From d8488ff16e0fdf164621665a26ef410c73c908ed Mon Sep 17 00:00:00 2001
From: tarepan <tarepan5884@gmail.com>
Date: Wed, 20 Dec 2023 04:08:13 +0900
Subject: [PATCH] =?UTF-8?q?=E6=95=B4=E7=90=86:=20=E7=B0=A1=E6=98=93=20docs?=
 =?UTF-8?q?tring=20=E3=81=A8=E5=8D=98=E7=B4=94=E5=A4=89=E6=95=B0=E5=90=8D?=
 =?UTF-8?q?=20(#903)?=
MIME-Version: 1.0
Content-Type: text/plain; charset=UTF-8
Content-Transfer-Encoding: 8bit

Co-authored-by: Hiroshiba <hihokaruta@gmail.com>
---
 voicevox_engine/tts_pipeline/tts_engine.py | 119 +++------------------
 1 file changed, 16 insertions(+), 103 deletions(-)

diff --git a/voicevox_engine/tts_pipeline/tts_engine.py b/voicevox_engine/tts_pipeline/tts_engine.py
index 519c2836b..acf6e8c5a 100644
--- a/voicevox_engine/tts_pipeline/tts_engine.py
+++ b/voicevox_engine/tts_pipeline/tts_engine.py
@@ -123,19 +123,7 @@ def generate_silence_mora(length: float) -> Mora:
 
 
 def apply_prepost_silence(moras: list[Mora], query: AudioQuery) -> list[Mora]:
-    """
-    前後無音（`prePhonemeLength` & `postPhonemeLength`）の適用
-    Parameters
-    ----------
-    moras : List[Mora]
-        モーラ時系列
-    query : AudioQuery
-        音声合成用のクエリ
-    Returns
-    -------
-    moras : List[Mora]
-        前後無音が付加されたモーラ時系列
-    """
+    """モーラ系列へ音声合成用のクエリがもつ前後無音（`prePhonemeLength` & `postPhonemeLength`）を付加する"""

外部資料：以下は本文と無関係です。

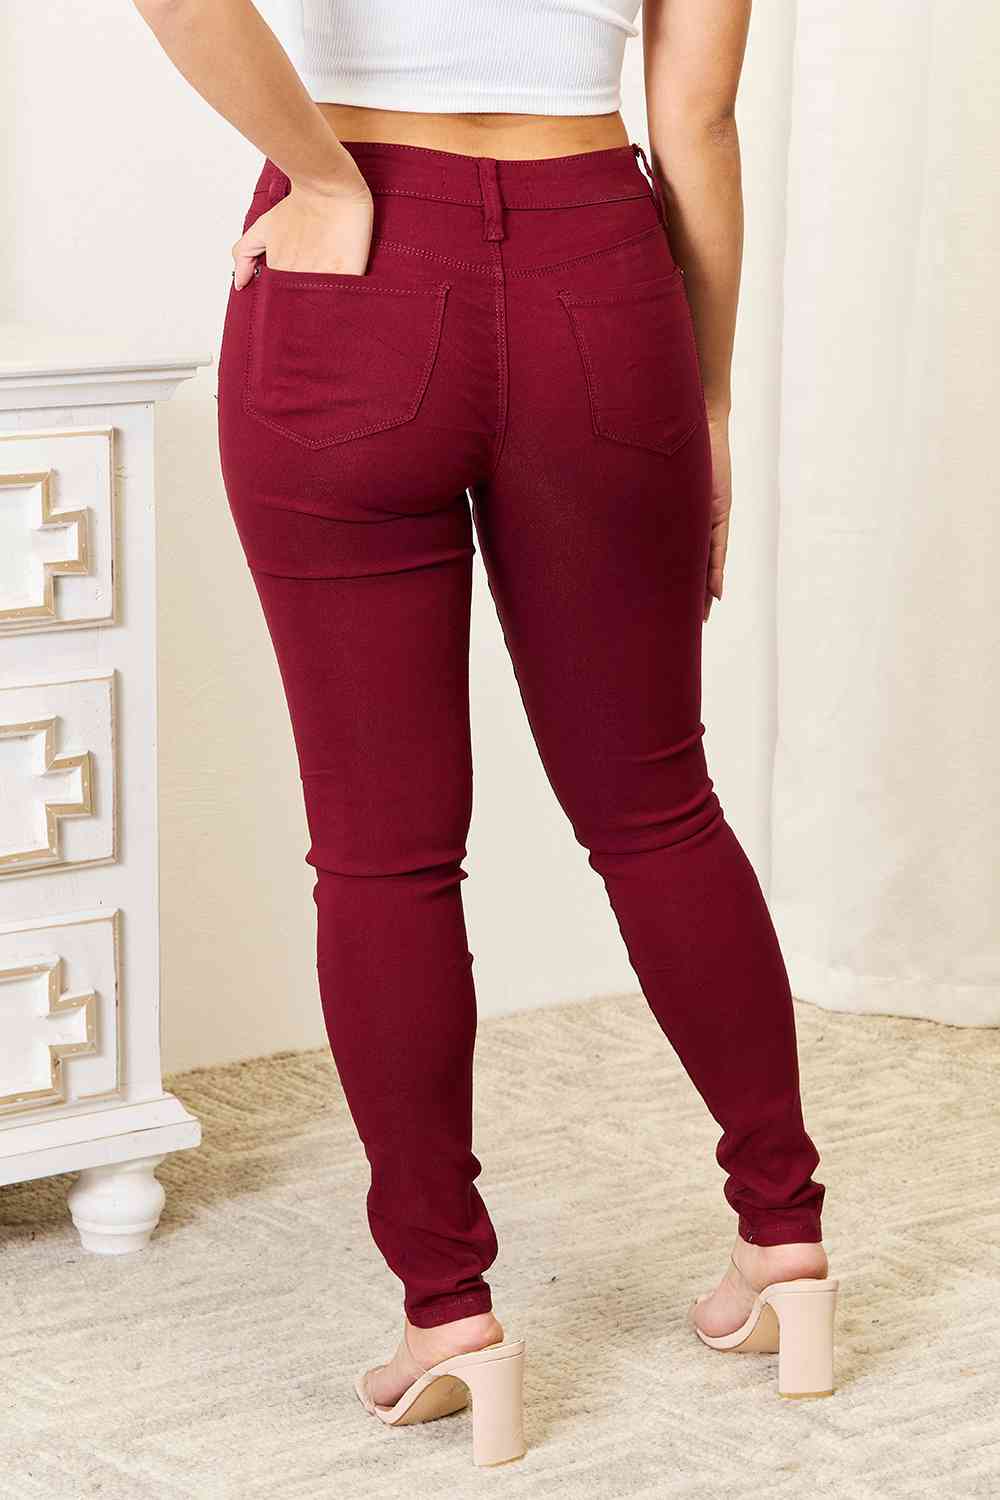 YMI Jeanswear Skinny Jeans with Pockets

     pre_silence_moras = [generate_silence_mora(query.prePhonemeLength)]
     post_silence_moras = [generate_silence_mora(query.postPhonemeLength)]

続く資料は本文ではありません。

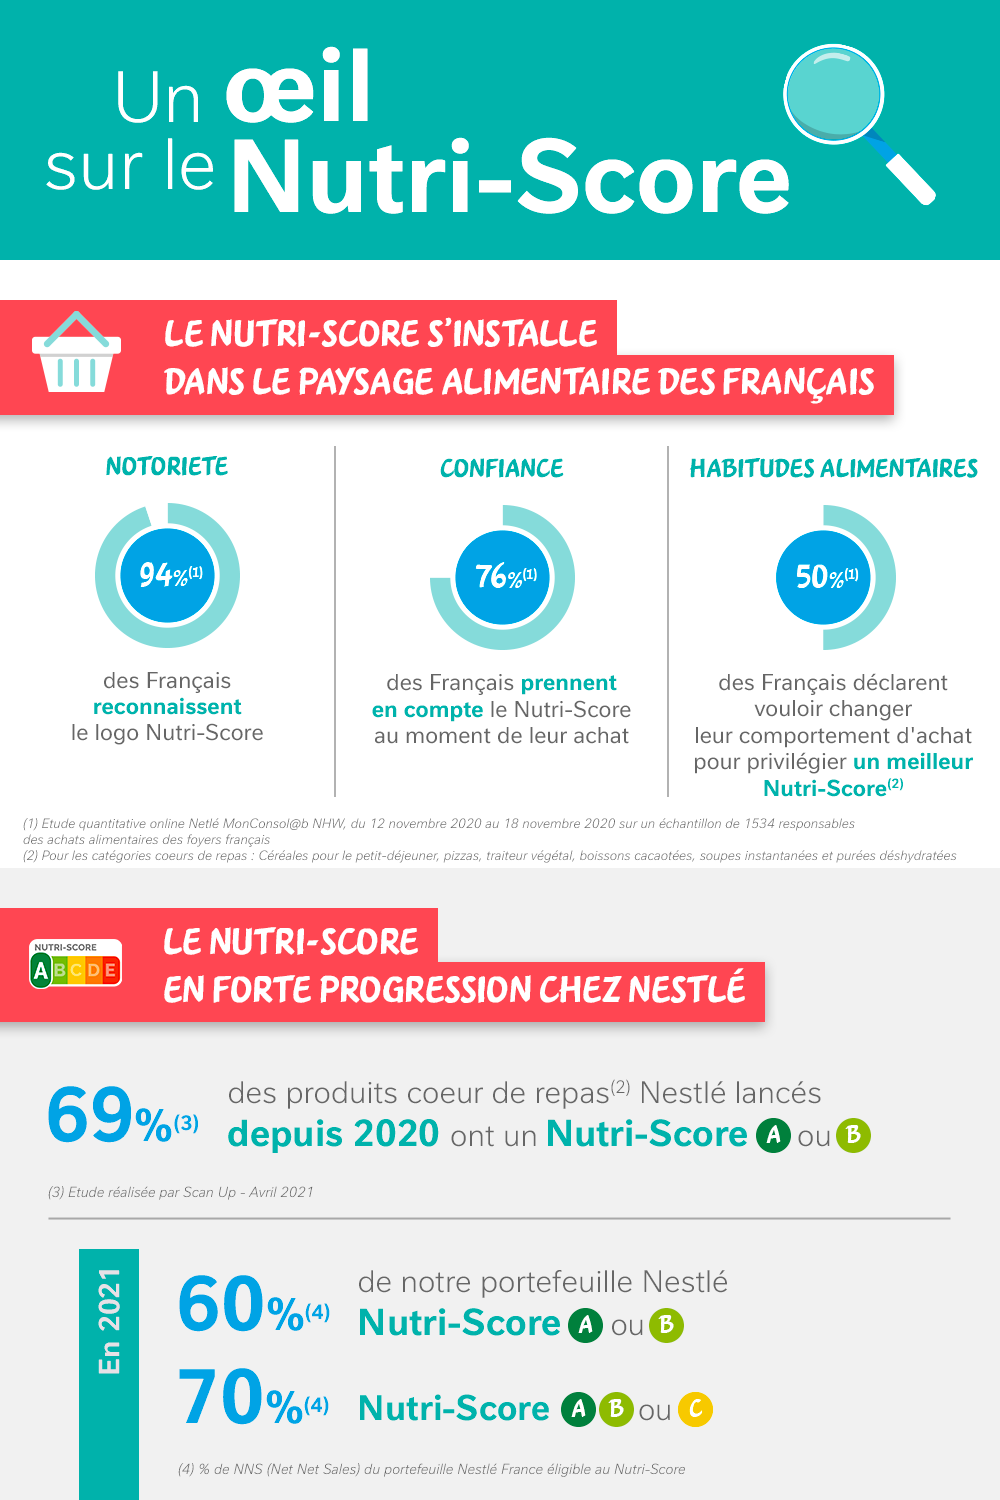 Nutrition Nestlé : Un œil sur le Nutri-Score

     moras = pre_silence_moras + moras + post_silence_moras
@@ -143,19 +131,7 @@ def apply_prepost_silence(moras: list[Mora], query: AudioQuery) -> list[Mora]:
 
 
 def apply_speed_scale(moras: list[Mora], query: AudioQuery) -> list[Mora]:
-    """
-    話速スケール（`speedScale`）の適用
-    Parameters
-    ----------
-    moras : list[Mora]
-        モーラ系列
-    query : AudioQuery
-        音声合成用のクエリ
-    Returns
-    -------
-    moras : list[Mora]
-        話速スケールが適用されたモーラ系列
-    """
+    """モーラ系列へ音声合成用のクエリがもつ話速スケール（`speedScale`）を適用する"""
     for mora in moras:
         mora.vowel_length /= query.speedScale
         if mora.consonant_length:
@@ -202,38 +178,14 @@ def _to_frame(sec: float) -> ndarray:
 
 
 def apply_pitch_scale(moras: list[Mora], query: AudioQuery) -> list[Mora]:
-    """
-    音高スケール（`pitchScale`）の適用
-    Parameters
-    ----------
-    moras : list[Mora]
-        モーラ系列
-    query : AudioQuery
-        音声合成用のクエリ
-    Returns
-    -------
-    moras : list[Mora]
-        音高スケールが適用されたモーラ系列
-    """
+    """モーラ系列へ音声合成用のクエリがもつ音高スケール（`pitchScale`）を適用する"""
     for mora in moras:
         mora.pitch *= 2**query.pitchScale
     return moras
 
 
 def apply_intonation_scale(moras: list[Mora], query: AudioQuery) -> list[Mora]:
-    """
-    抑揚スケール（`intonationScale`）の適用
-    Parameters
-    ----------
-    moras : list[Mora]
-        モーラ系列
-    query : AudioQuery
-        音声合成用のクエリ
-    Returns
-    -------
-    moras : list[Mora]
-        抑揚スケールが適用されたモーラ系列
-    """
+    """モーラ系列へ音声合成用のクエリがもつ抑揚スケール（`intonationScale`）を適用する"""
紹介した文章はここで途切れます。